C’était lui-même qui présidait. Une chorale (dont je tais le
nom) entonna le chant d’entrée. C’était exactement Aaa
Mfumu nge ikele ya kusonga mpe banzengolo, banzengolo
ya nge ya ke ya kusonga. La chorale avait tellement
prolongé le chant que l’Abbé président n’a pas hésité de
commencer la messe par le signe de croix : Na zina… et
toute l’assemblée répondit. La chorale reçut sur place sa
leçon de ne pas tirer les chants en longueur, surtout que
l’abbé en avait déjà parlé il y a à peine quelques
semaines.
- Je vois aussi l’abbé Pierre un dimanche expliquer dans
l’Église le sens du baiser de paix et comment cela devait
se réaliser.
Ces quelques exemples montrent à suffisance que l’Abbé
Pierre accordait beaucoup de sérieux aux célébrations.
Yawu yina Boma II vuandaka paruase mosi ya nginga na
yina me tadila mutindu ya kusambidila. Nani yina
vuandaka zona zanga misa ya mpipa ya Nowele to ya
Paska ke sadisa Abbé Maduka ? Nge meka zanga yawu
neti kuandi nge sambila ve mvula nionso ya mvimba.
Bosi diaka, na yina me tadila kubuongimina Ukaristia ya
santu na misa ya kilumbu ya tanu yantete ya ngonde,
nani lenda zimbana yawu ti Boma II vuandaka na kifulu
yannene.
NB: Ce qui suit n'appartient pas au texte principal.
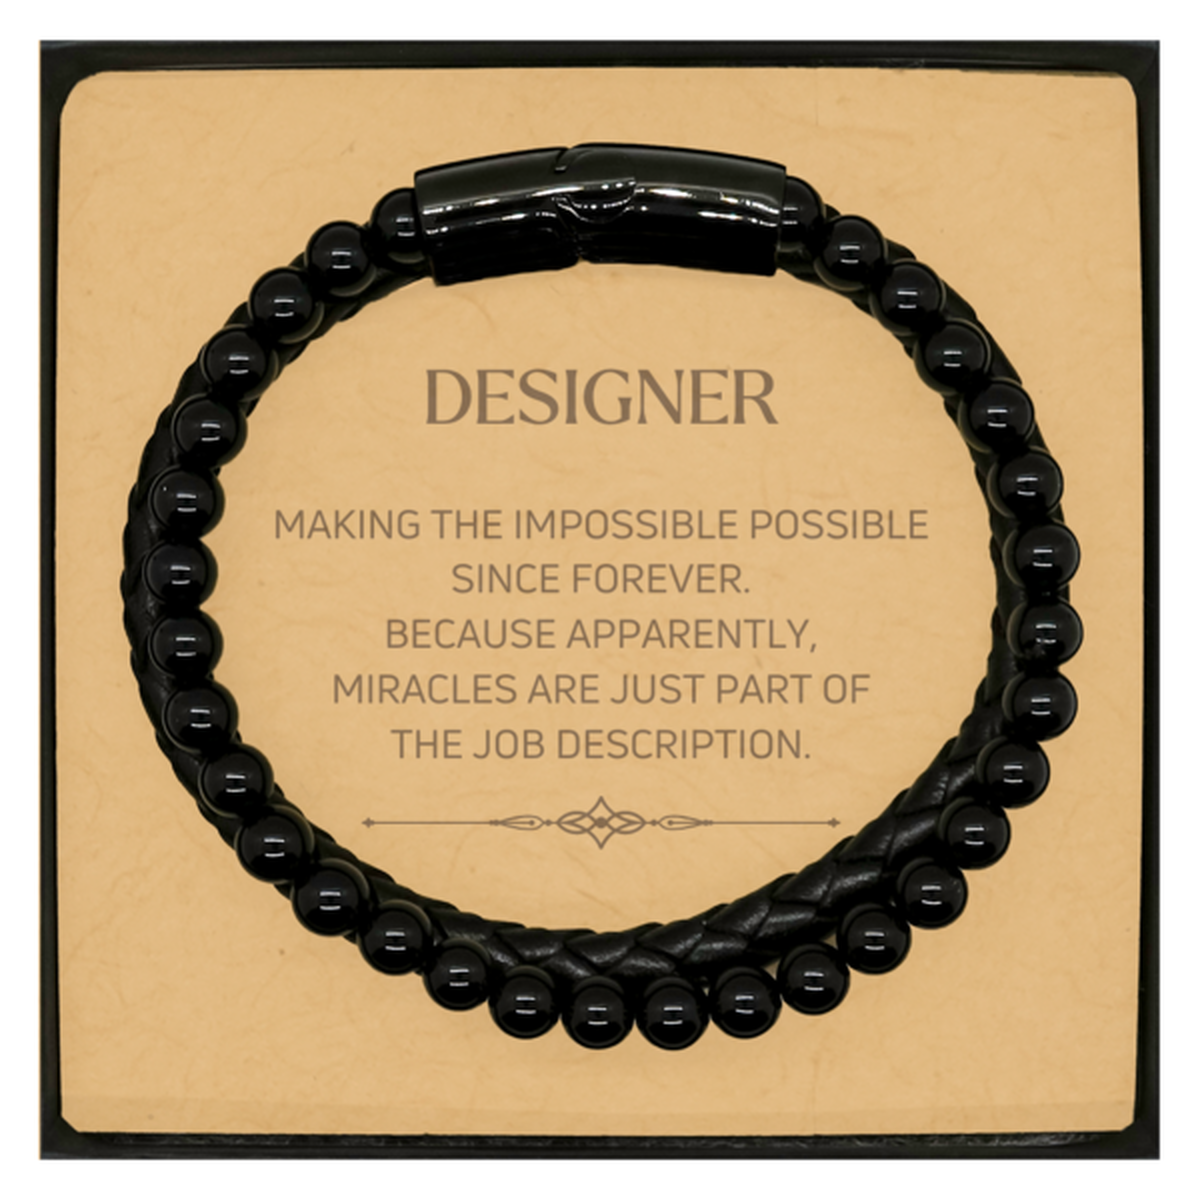 Funny Designer Gifts, Miracles are just part of the job description, Inspirational Birthday Christmas Stone Leather Bracelets For Designer, Men, Women, Coworkers, Friends, Boss

La célébration de l’adoration pour le premier
vendredi du mois paraissait comme une spécialité de
Boma II.
Kana Abbé Maduka ke sadisa misa, nge ke mona ti lokola
mutindu yankaka yawu me lutila. Na kumonaka mutindu
yina, mu zuaka lukanu ti mu meka kuma Nganga-
Nzambi, mu ke banda sambisilaka lokola yandi na Mgr
Joachim Mbadu. Effectivement, si l’Abbé Antoine Ngimbi
Phaka Nkub’meso, vicaire chez nous, jouant aussi à la
guitare, m’a lancé sur la voie de prêtre-chanteur ou
musicien, l’Abbé Pierre Maduka et Mgr Joachim Mbadu
ont éveillé ma soif de la pratique liturgique correcte et ont
aiguisé ma passion à l’art de bien célébrer.
Je suis convaincu que leur action en moi porte du fruit
aujourd’hui pour le bien de l’ensemble de tout le peuple
de Dieu qui est à Boma. Merci Monsieur l’Abbé Pierre,
Merci De Jeannot muana Kin. Ad multos annos.
Abbé Jean-Claude Diaki. Prêtre de Boma.